Start of RECORDED DATA

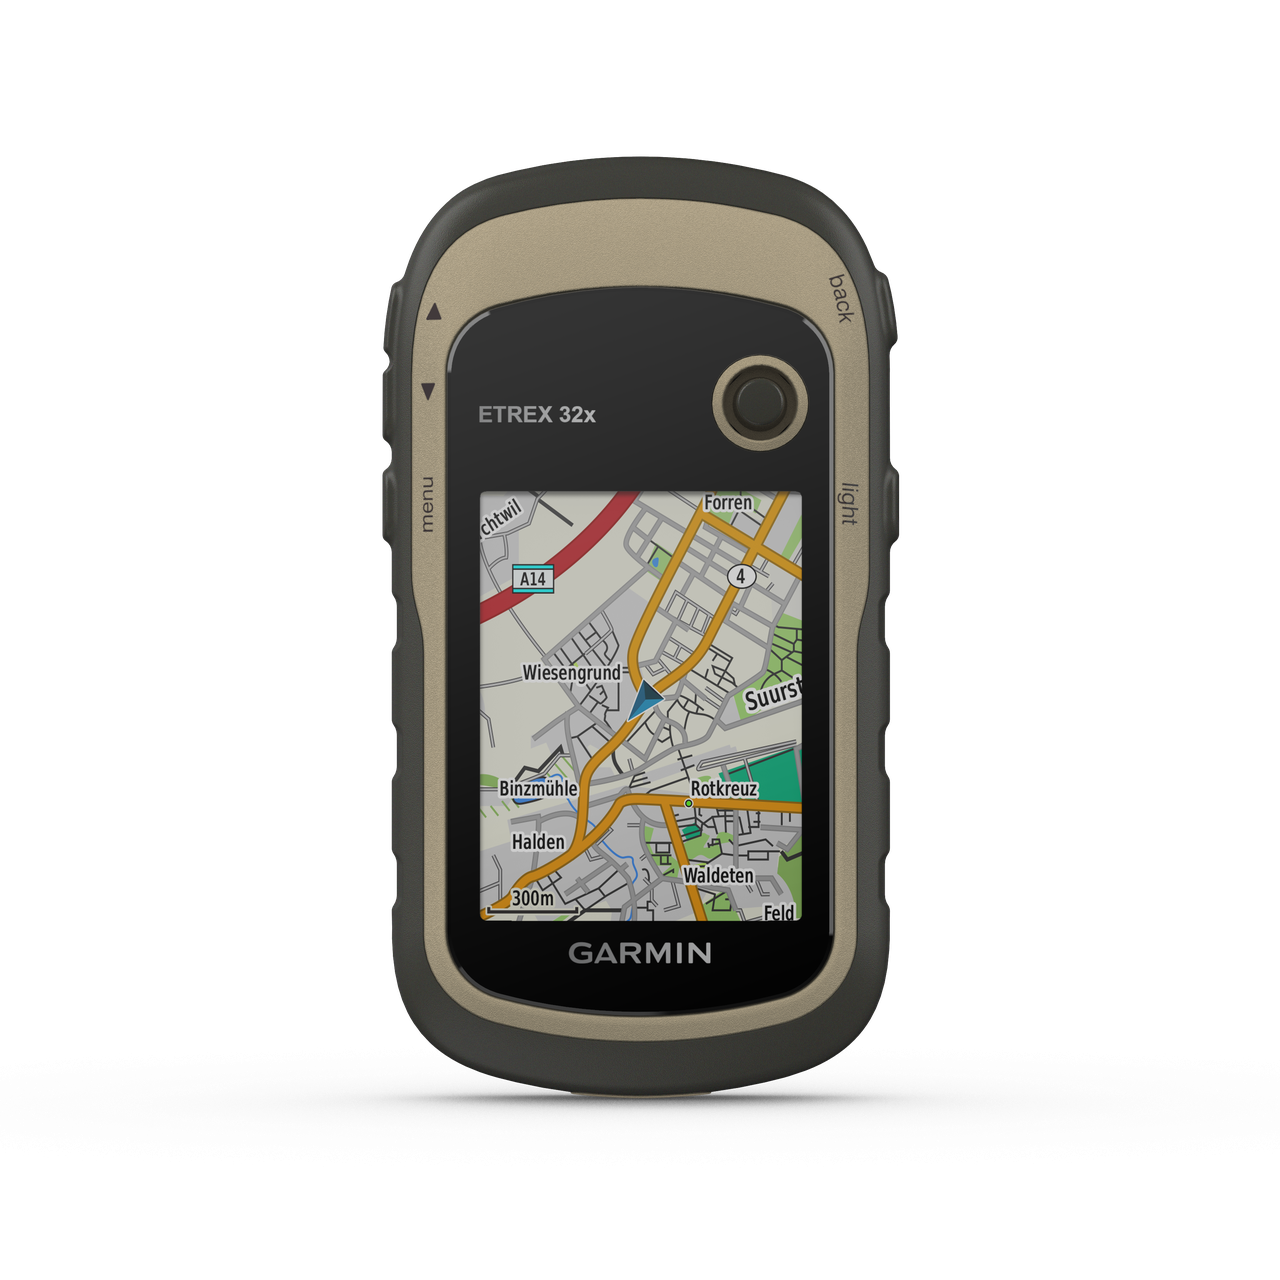 Navigator GPS
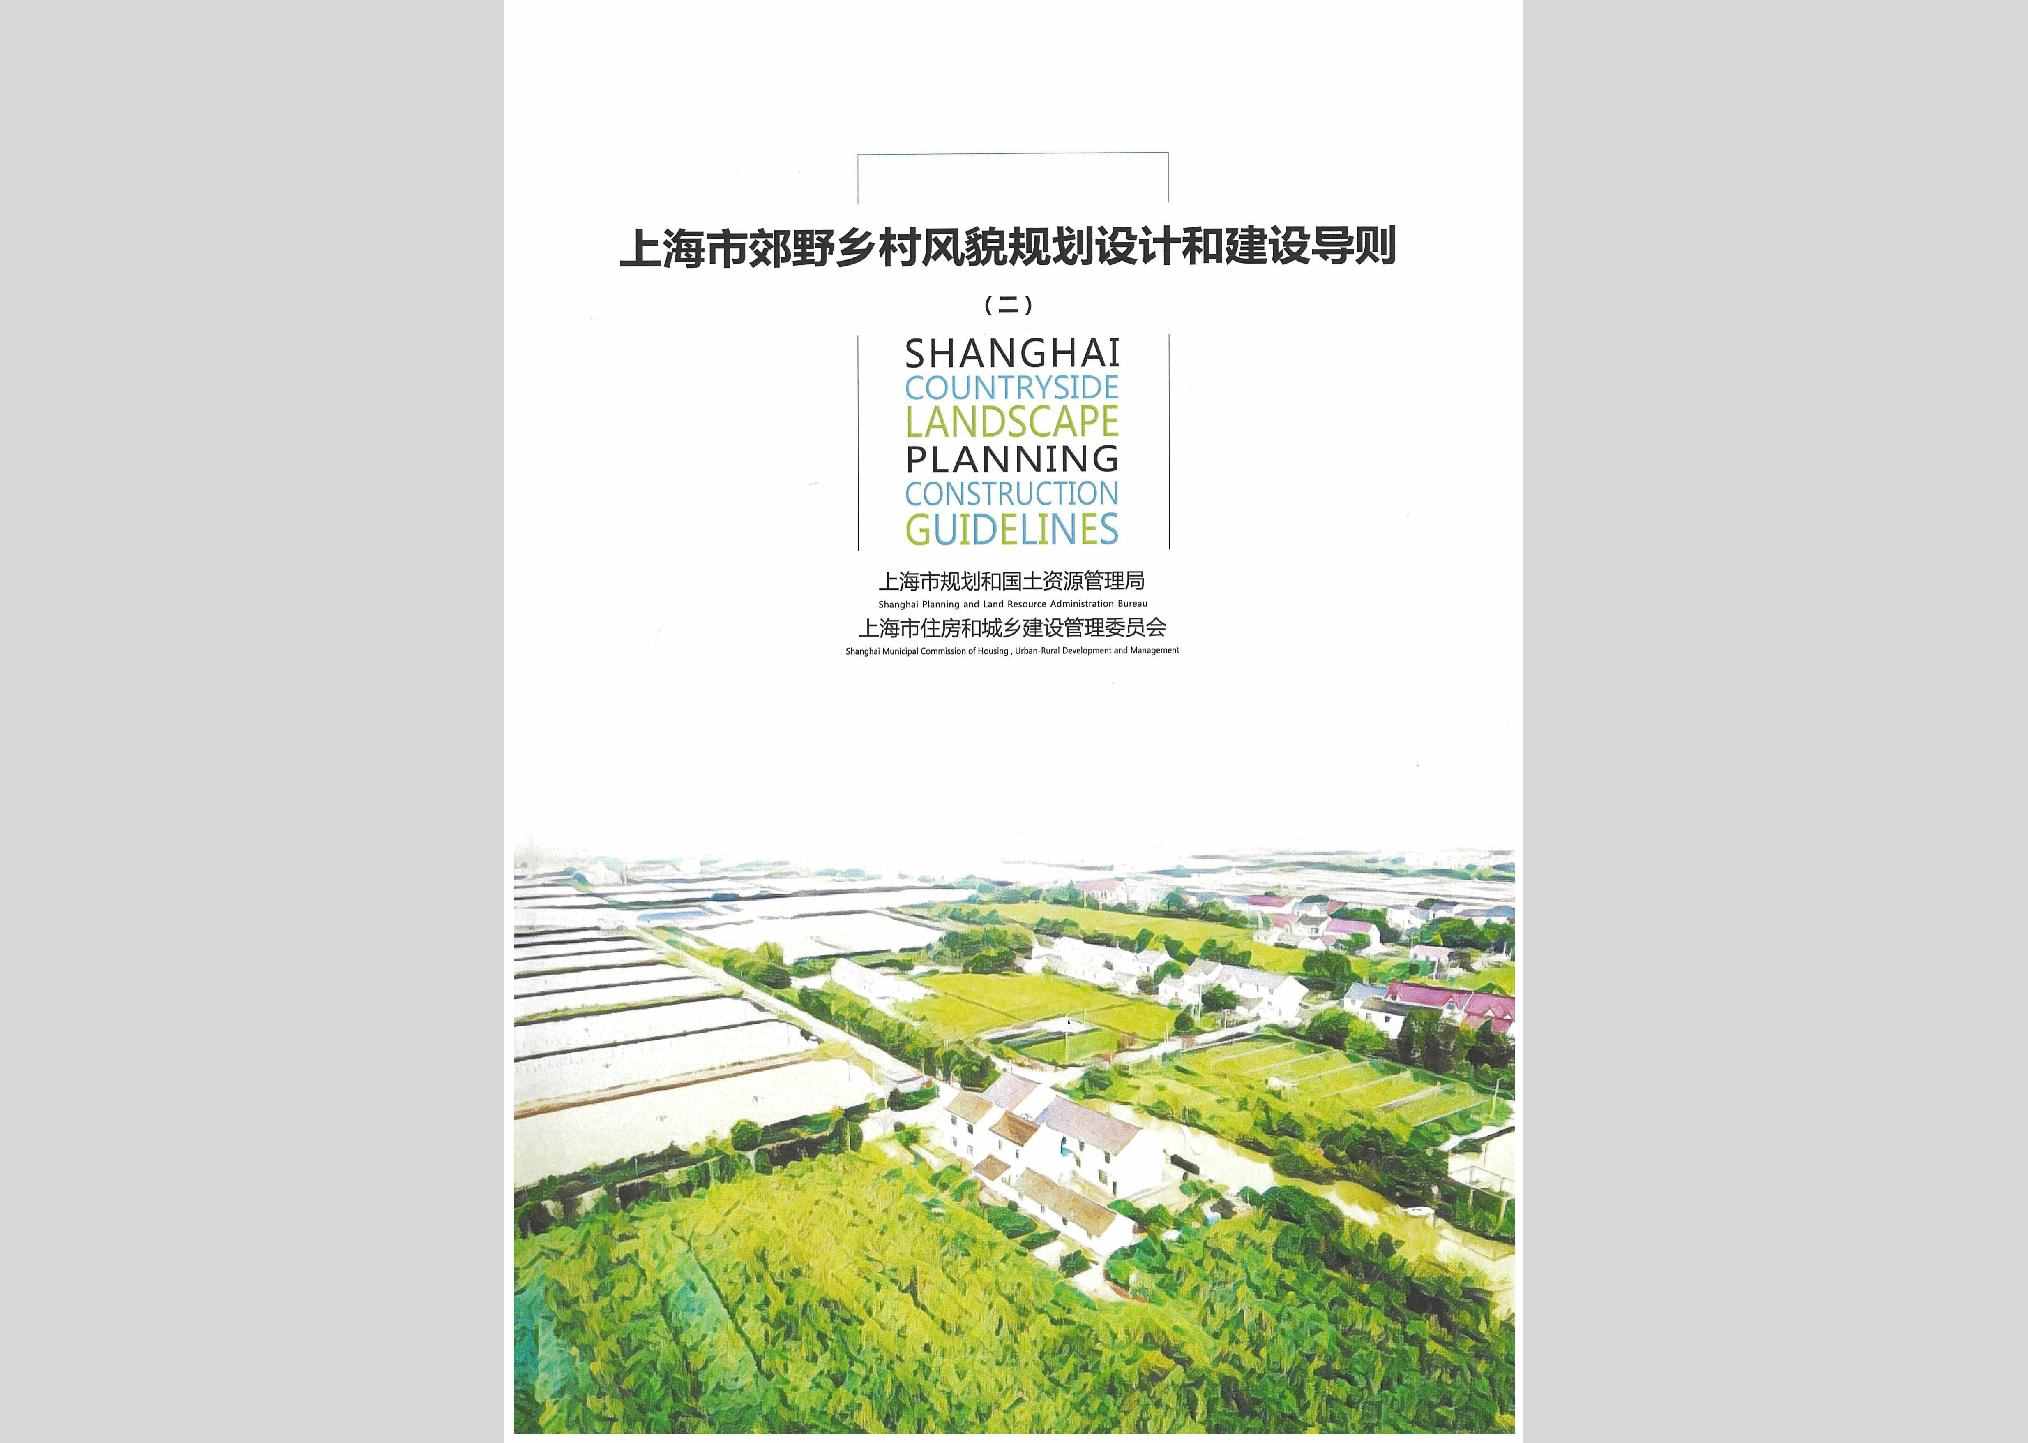 JYXCFMGH2：上海市郊野乡村风貌规划设计和建设导则（二）
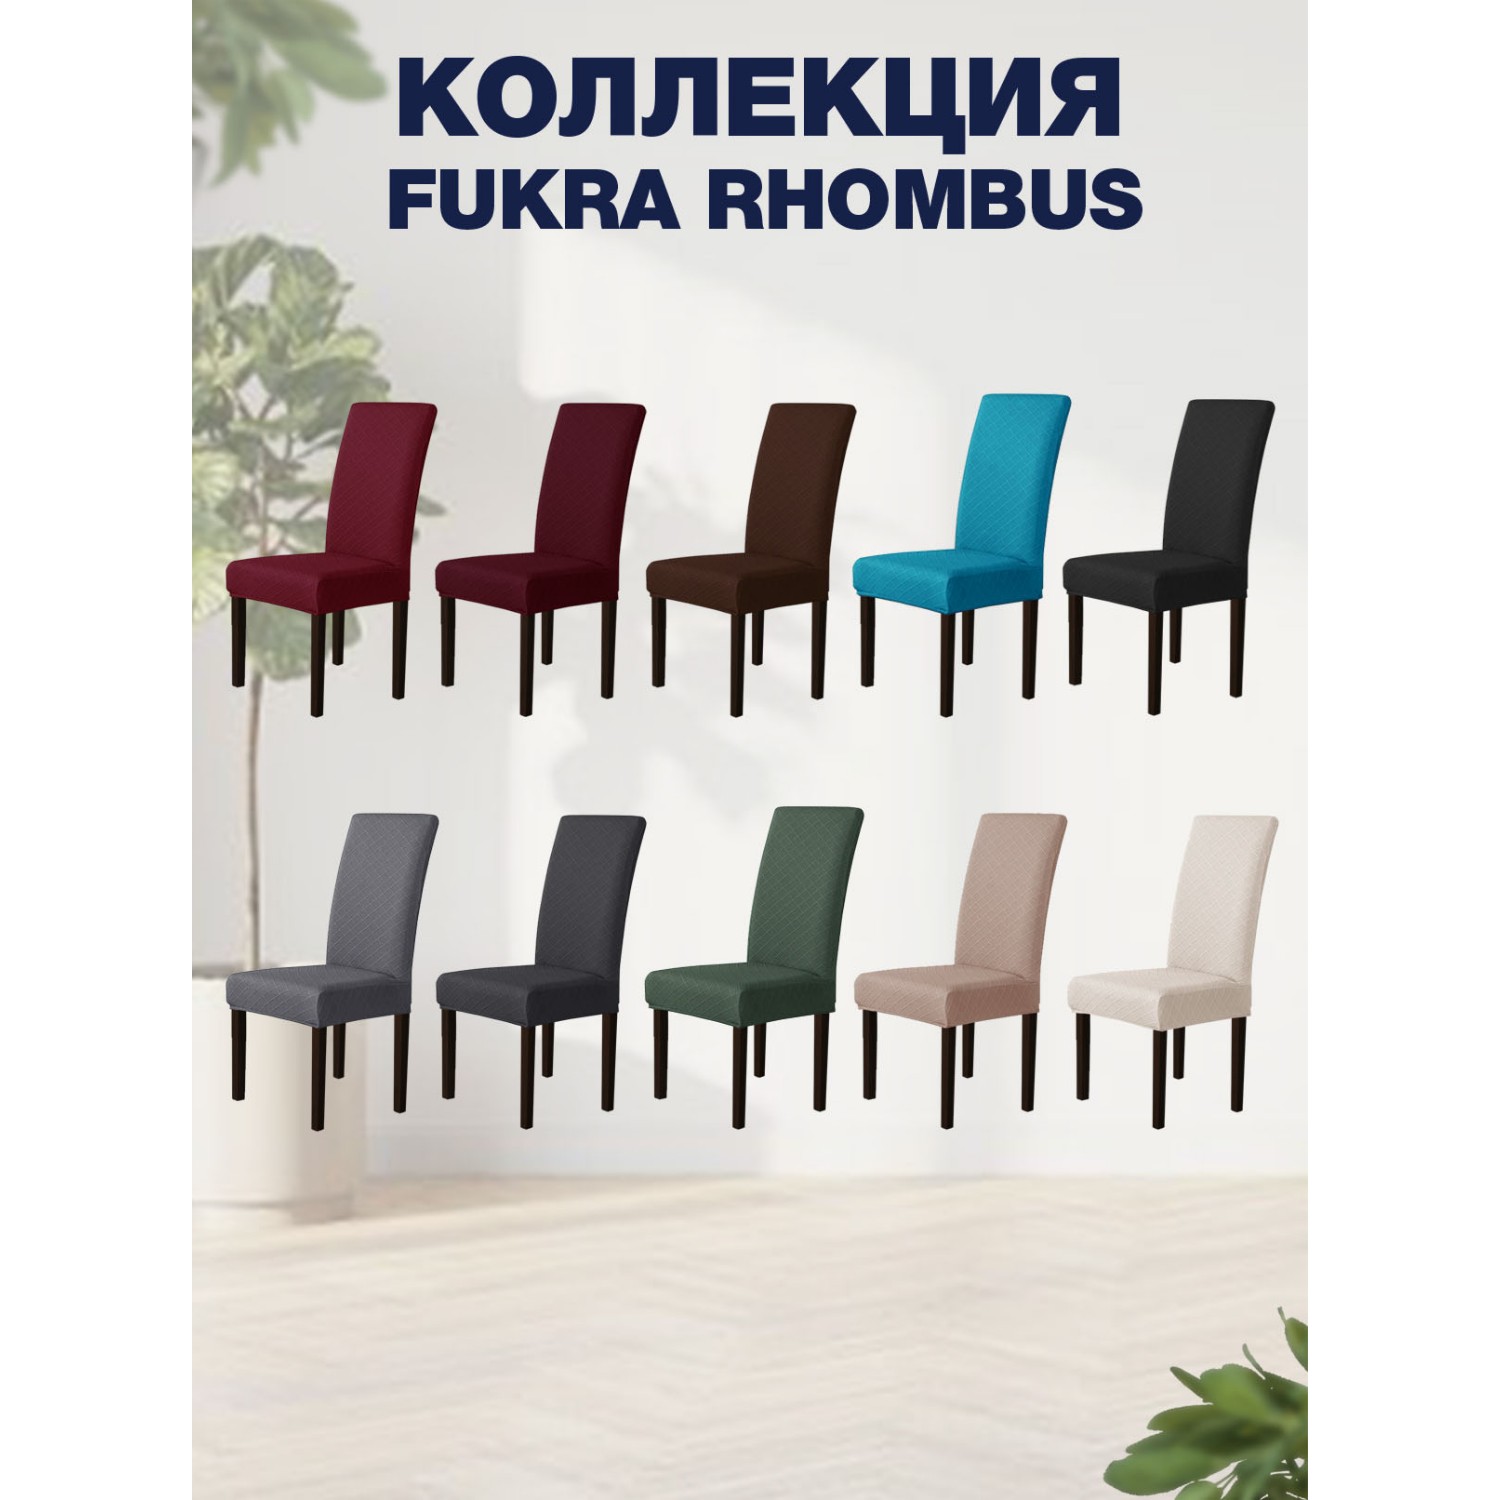 Чехол на стул LuxAlto Коллекция Fukra rhombus Молочный - фото 3
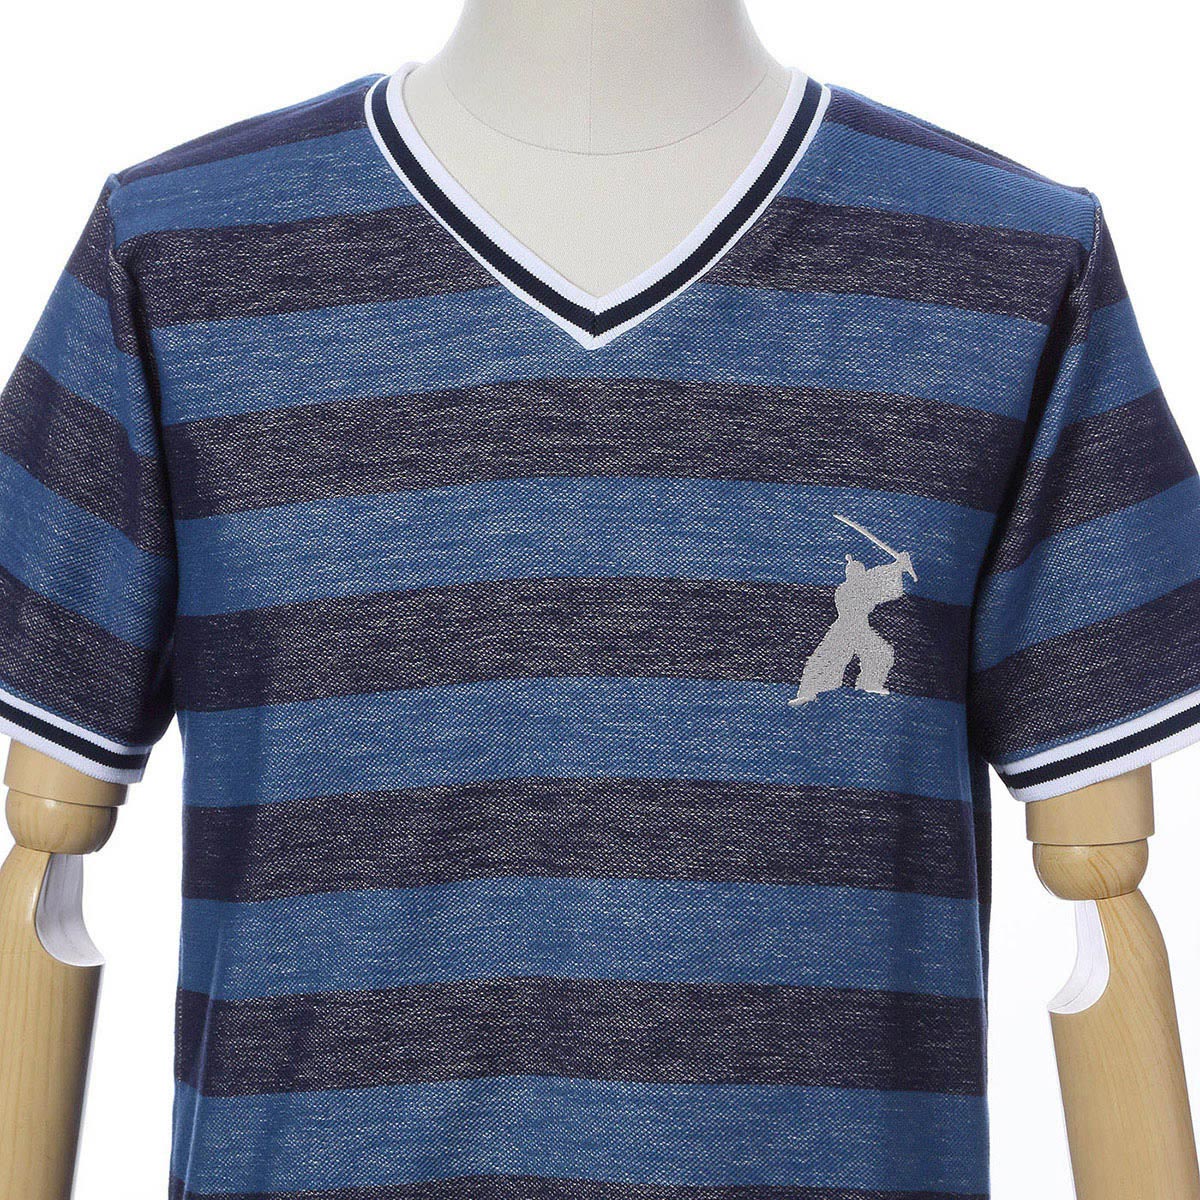 Men’s Short Sleeve Cotton Fashion V-neck T-shirt -16. Samurai Striped Design Blue Made in Japan FORTUNA Tokyo

End of RECORDED DATA

AIM OF THE EXERCISE — Where the line holding "Чехол на стул" appears, start copying, and continue exactly through the last line of the listing, both ends included, skipping the pictures.

ANSWER —
 Чехол на стул LuxAlto Коллекция Fukra rhombus Молочный - фото 3
 Men’s Short Sleeve Cotton Fashion V-neck T-shirt -16. Samurai Striped Design Blue Made in Japan FORTUNA Tokyo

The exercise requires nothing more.